**What to do**:
Only the pictures are to be dropped, and the rest of the data should be copied exactly.

**Material provided**:
——

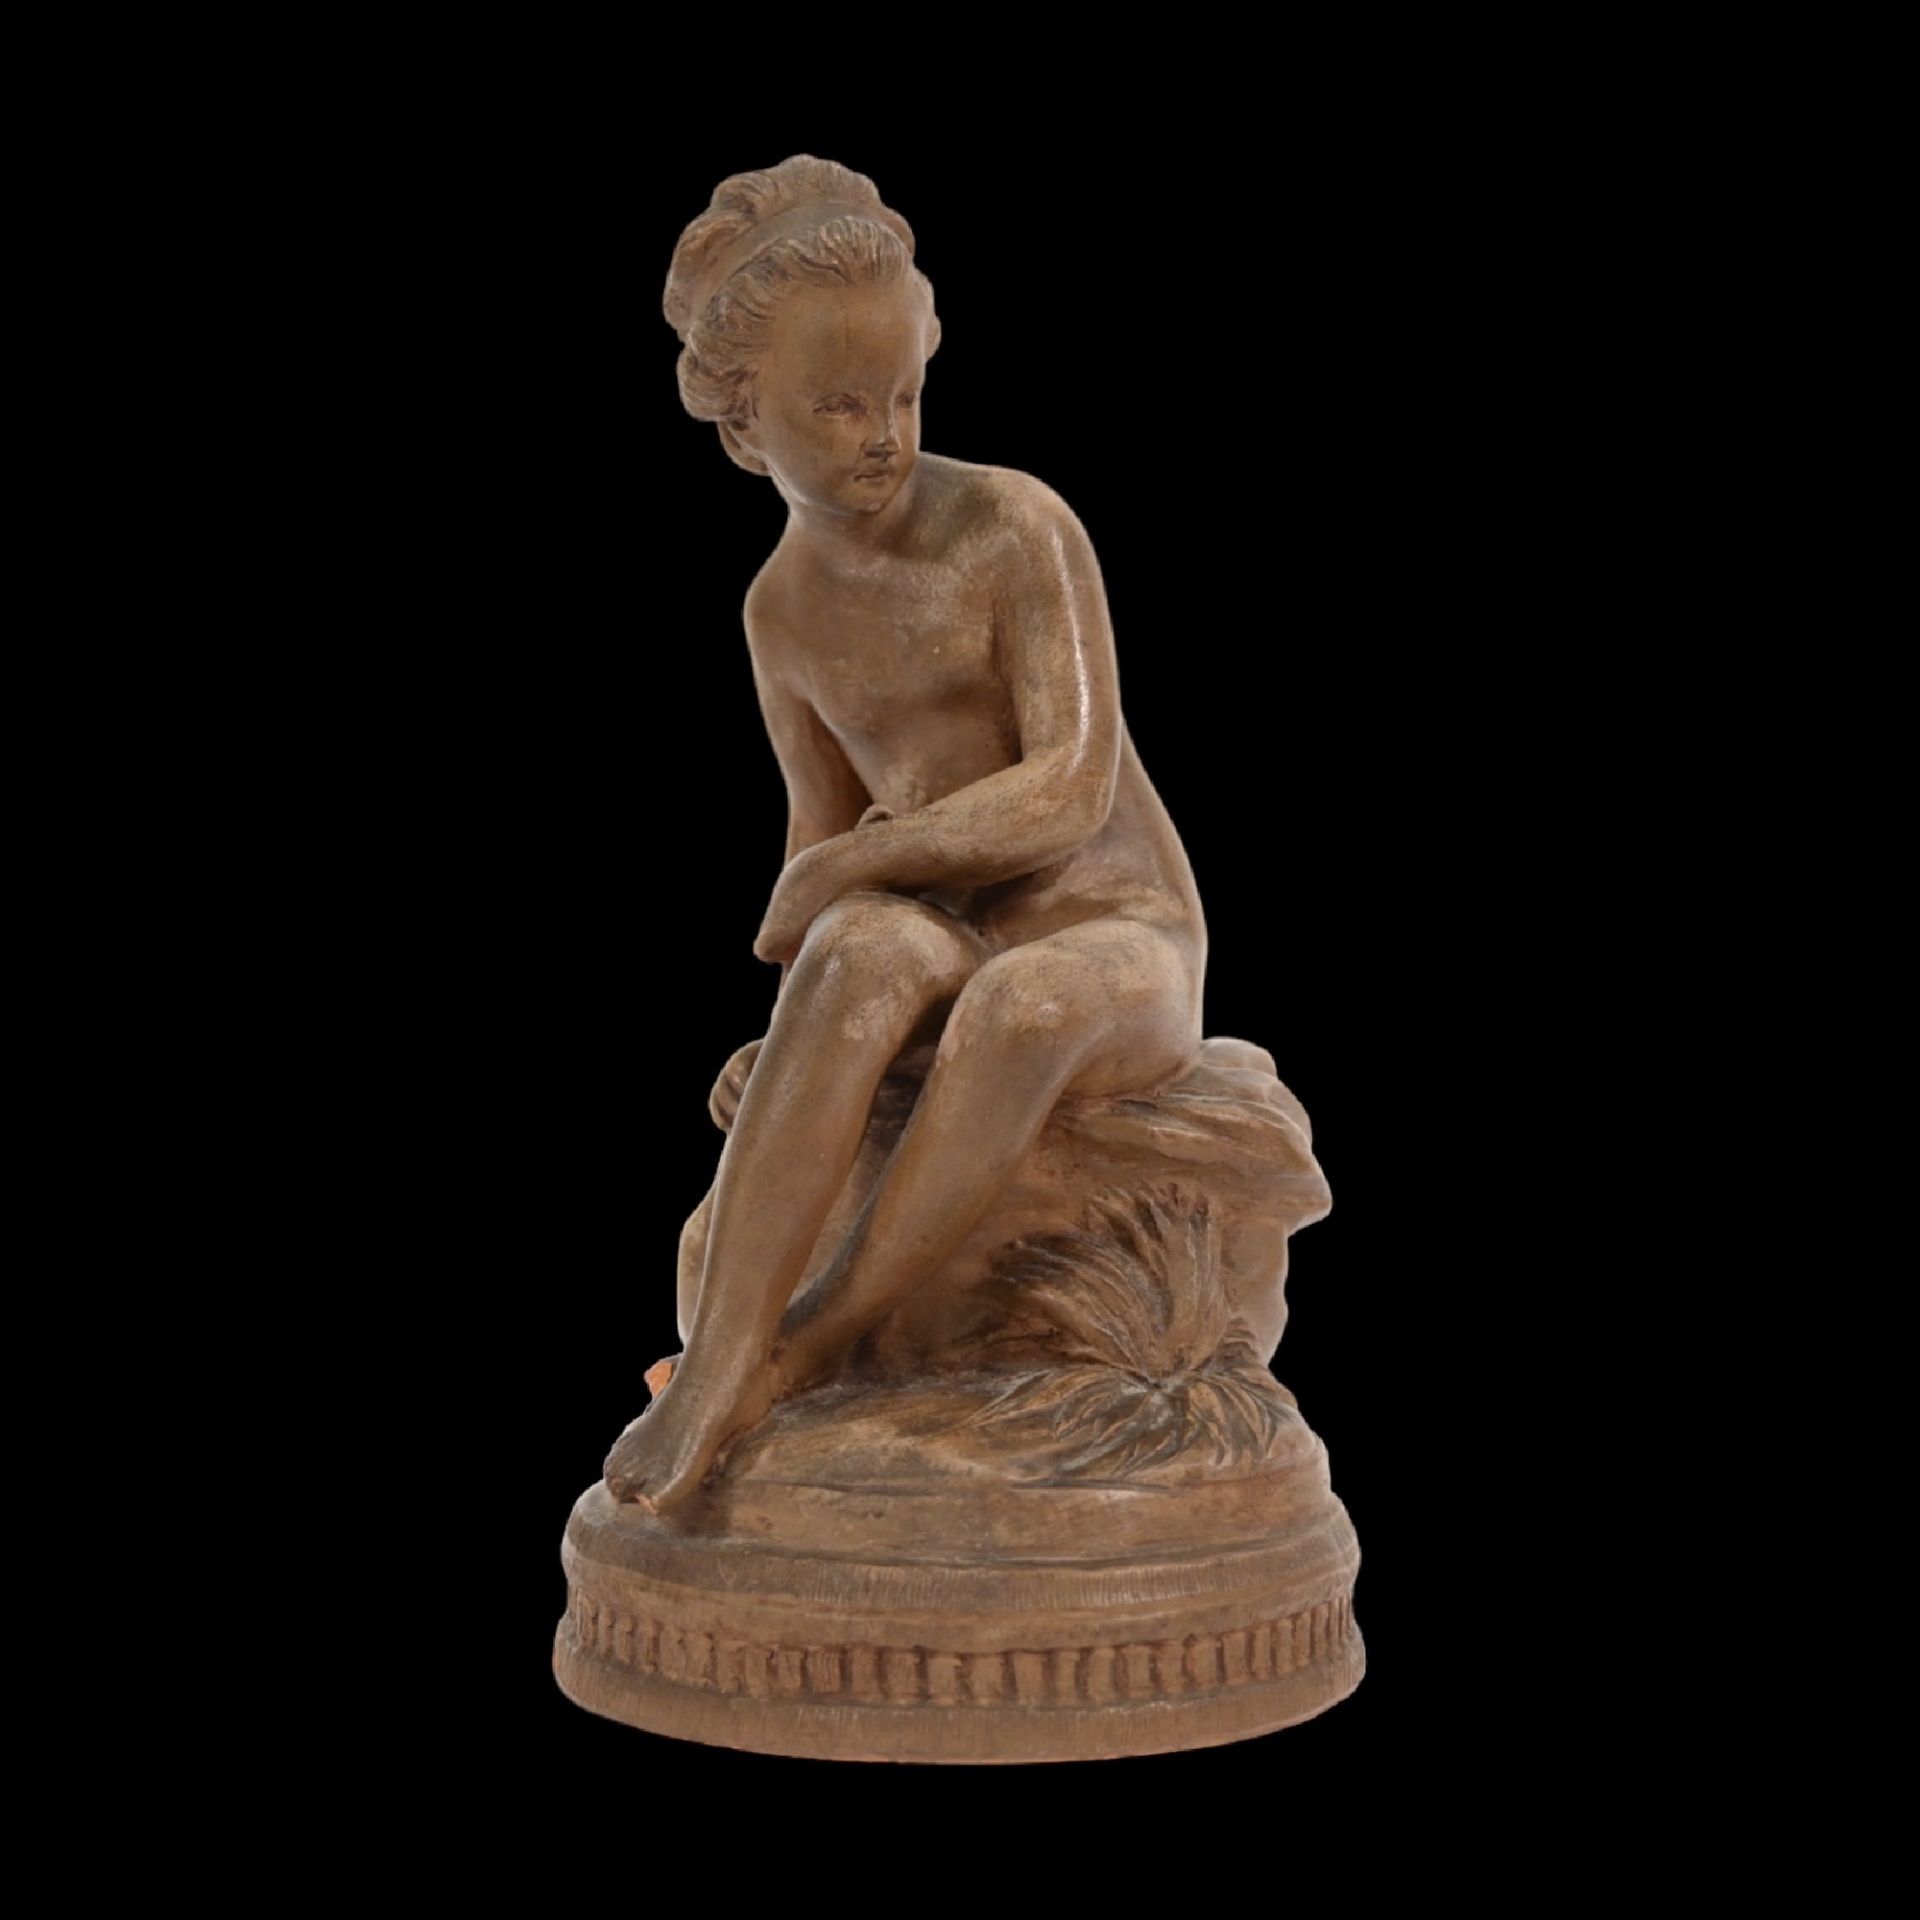 Etienne Maurice FALCONET (1716-1791), "YOUNG NAKED WOMAN" signet "Falconet". France, 18th century.
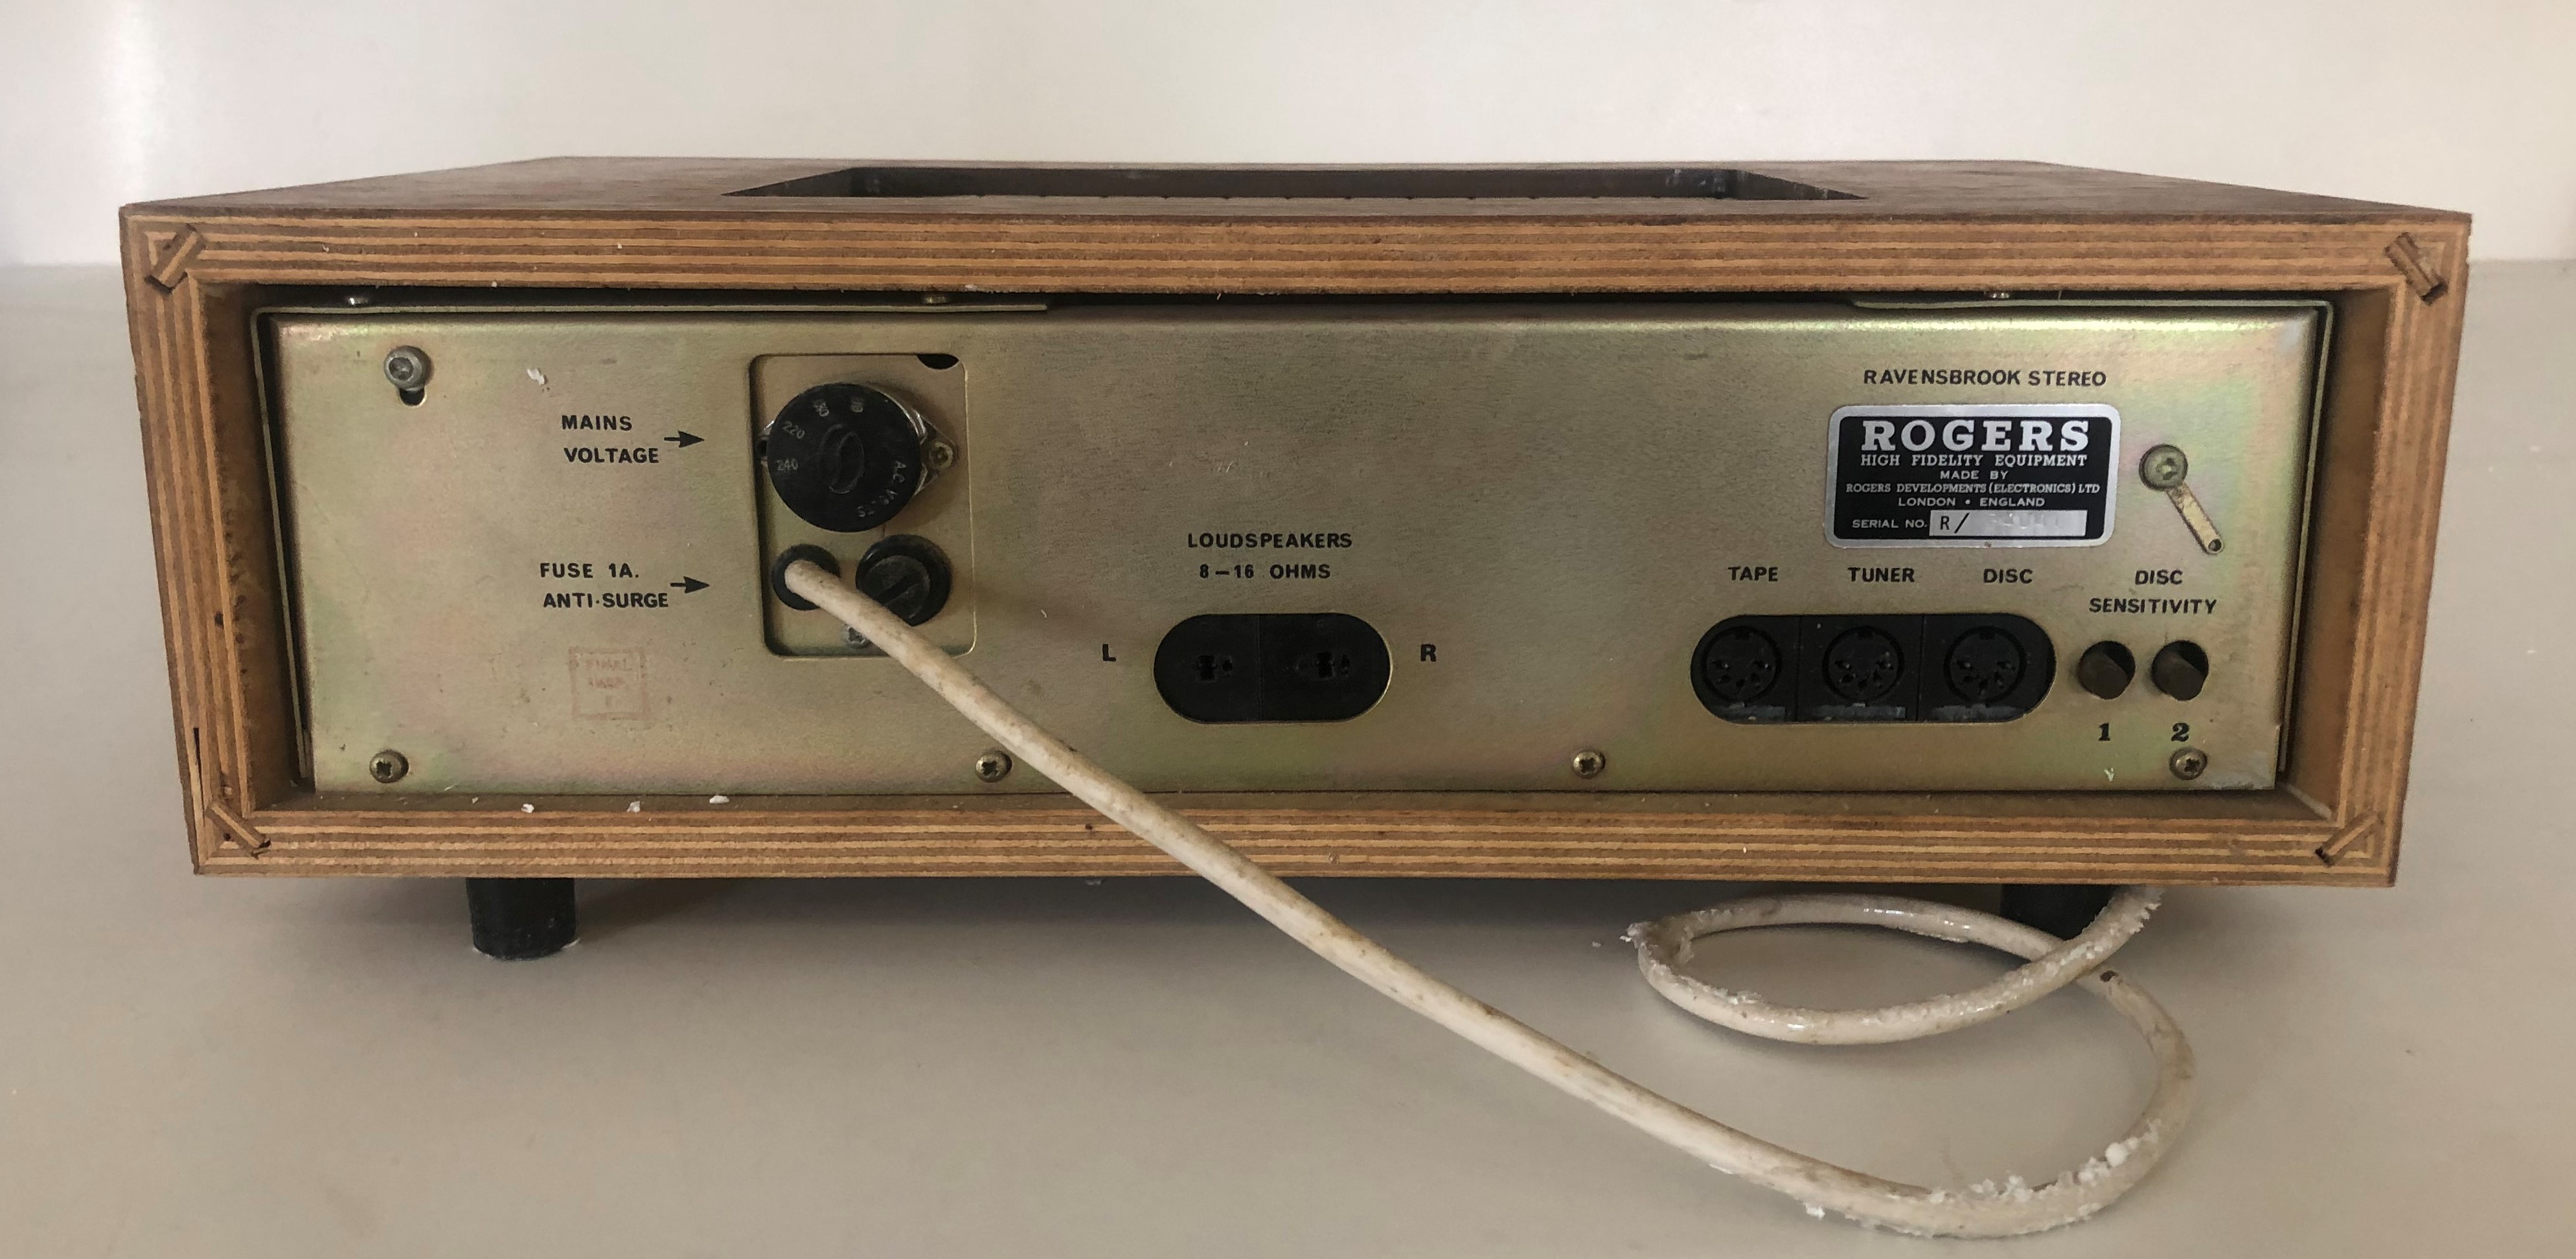 ROGERS RAVENSBROOK STEREO AMPLIFIER. An original Rogers amplifier with original box. - Image 3 of 3
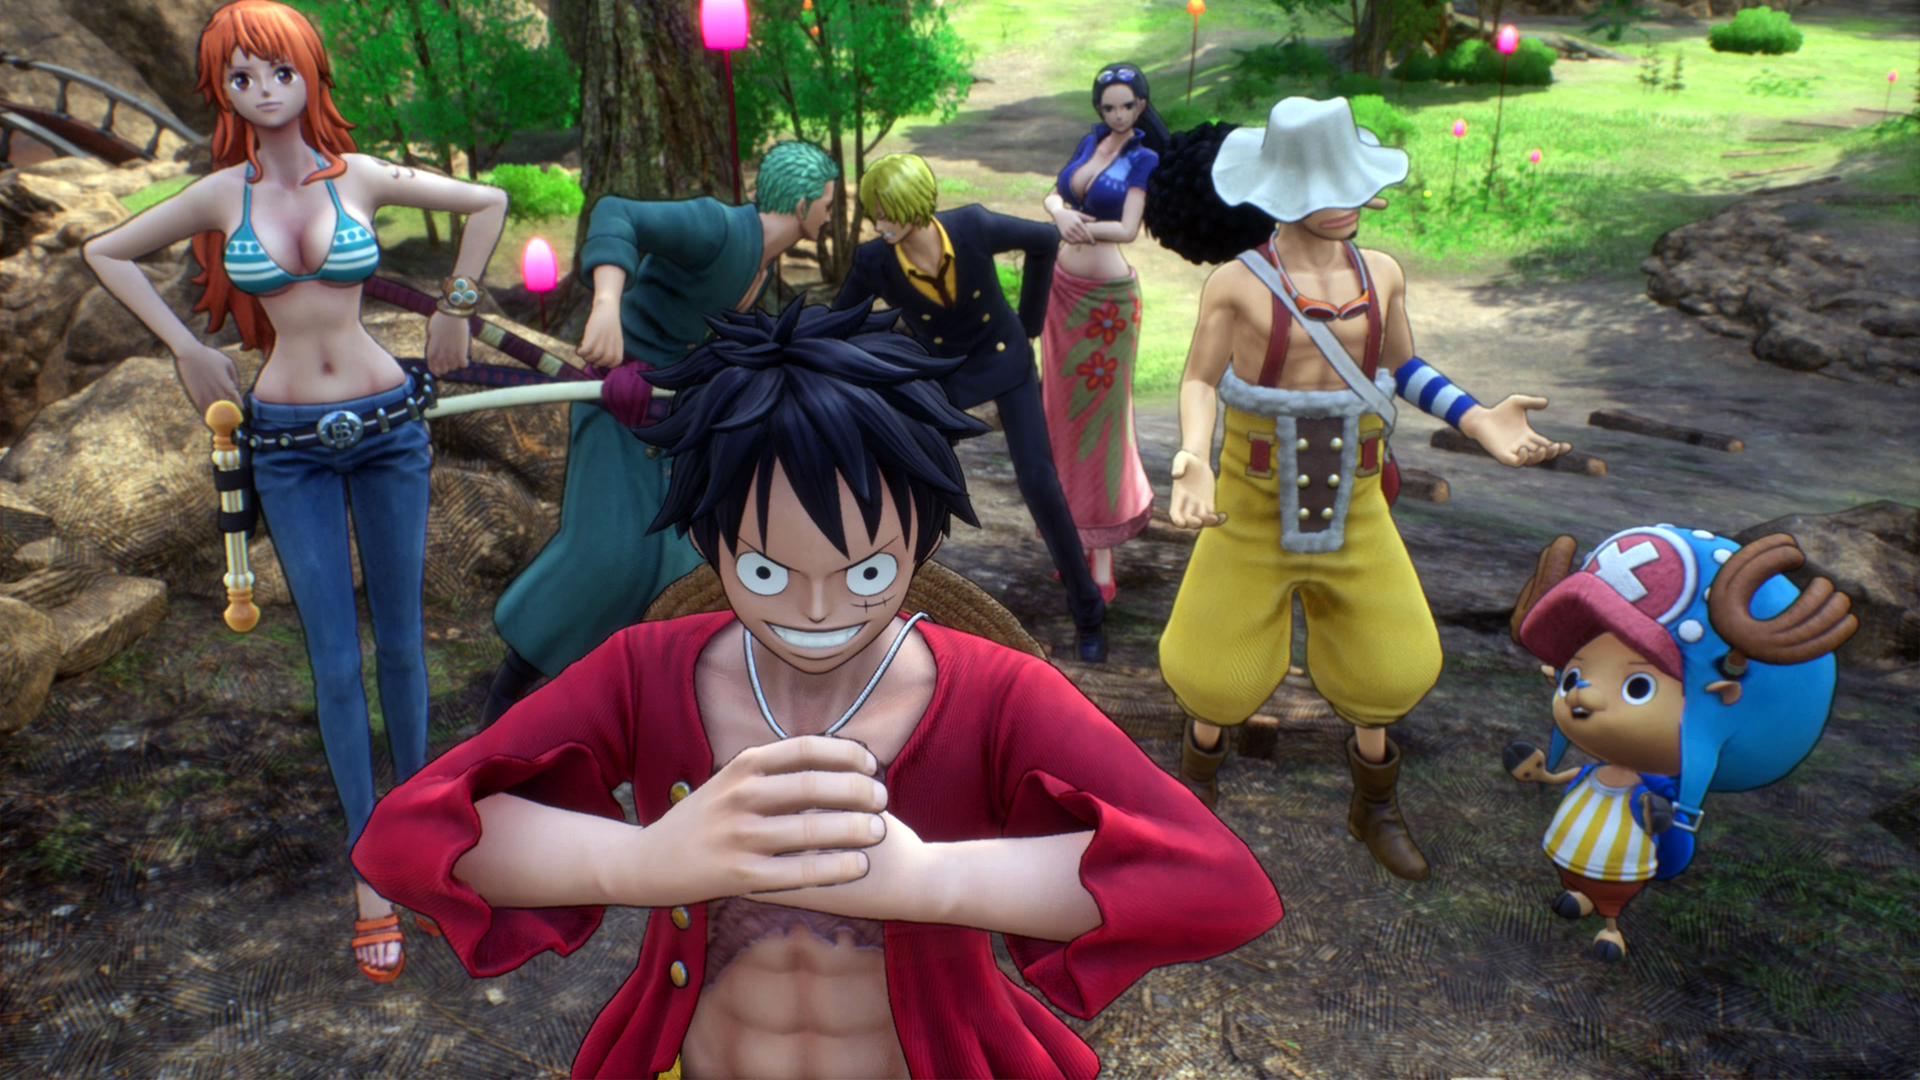 JRPG One Piece Odyssey is coming to PC

——

**Solved problem**:
 Etienne Maurice FALCONET (1716-1791), "YOUNG NAKED WOMAN" signet "Falconet". France, 18th century.
 ROGERS RAVENSBROOK STEREO AMPLIFIER. An original Rogers amplifier with original box. - Image 3 of 3
 JRPG One Piece Odyssey is coming to PC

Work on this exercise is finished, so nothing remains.